Late Night E-mails ‘Sign of Infidelity’

By Judith Duffy, Health Correspondent
www.sundayherald.com

IT could be viewed as an innocent chat in cyberspace, but sending e-mails late at night and revealing personal details of your life are signs of betraying your partner, according to new research.

Psychologists from Glamorgan University have carried out an investigation to try and define the point at which online exchanges are perceived as emotional infidelity.

The study revealed that sending messages late at night and revealing intimate information are the key factors that will cause your partner to believe you are having a virtual affair.

The popularity of websites such as Friends Reunited and dating chatrooms have been blamed for helping to fuel a rise in divorces in recent years.

According to leading counselling group Relate, one in 10 people seeking help from them now complain about the impact of the internet on their relationship.

Dr Martin Graff, psychology lecturer at the Glamorgan University, said there was now the potential for people to engage in “virtual” infidelity alongside face-to-face relationships, yet the issues around this had not been explored.

“I guess we have a definition of sexual infidelity, but this involves more emotional infidelity and we just wanted to see what people thought,” he said. “Chatting online is fine, but where do people start seeing it as not quite right?”

The research, which will be presented at a British Psychological Society conference next month, asked a group of men and women in their early 20s to judge varying scenarios involving internet communication and rate what they believed constituted online infidelity.

Certain factors were deemed to be irrelevant, such as whether the correspondence was through e-mail or instant messaging services or the gender of the person who initiated the online conversation.

But Graff said: “People who interacted online later at night were perceived as possibly more unfaithful than those who interacted during the day.

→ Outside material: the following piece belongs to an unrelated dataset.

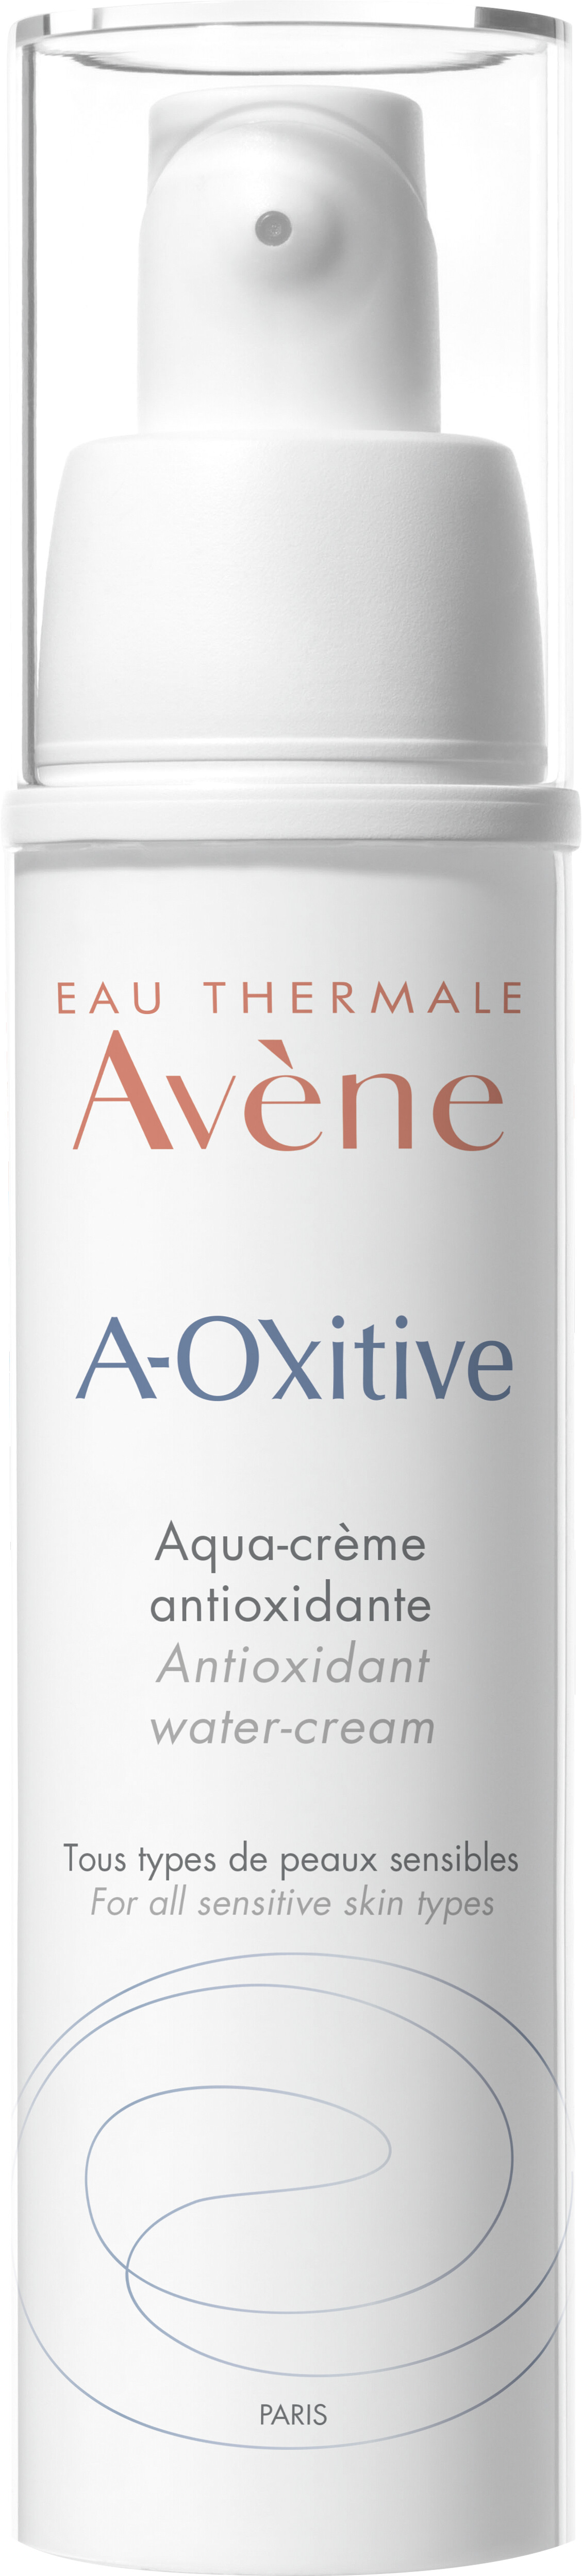 Avene A-Oxitive Antioxidant Water-Cream 30ml

I guess it is seen as being more surreptitious if you are online late into the night.

“The amount you disclose to people is also generally perceived as being a lot more unfaithful, as it signals a degree of intimacy with someone.”

Denise Knowles, a counsellor for 16 years with Relate, said that a major problem with the internet was that it could cause a distance in relationships.

“The time spent on the internet is time spent away from the primary relationship,” she said. “A few people have said to me that when their partner is doing this and they are talking to other men or women on the internet, it is almost as if they are having an affair where the third party is under their roof.

“Because they are sitting in the corner of the room – or worse, in their bedroom – it is very intrusive and they can often feel quite violated.”

Knowles pointed out another difficulty was that often the person who was carrying out the internet activities was unaware of the harm it was causing.

“People say ‘I don’t know what you are going on about, I haven’t actually seen the person and I don’t intend to’,” she said. “But the real problem is the fact that there is time being spent talking and sharing intimacies with somebody else that really ought to be shared with your partner.”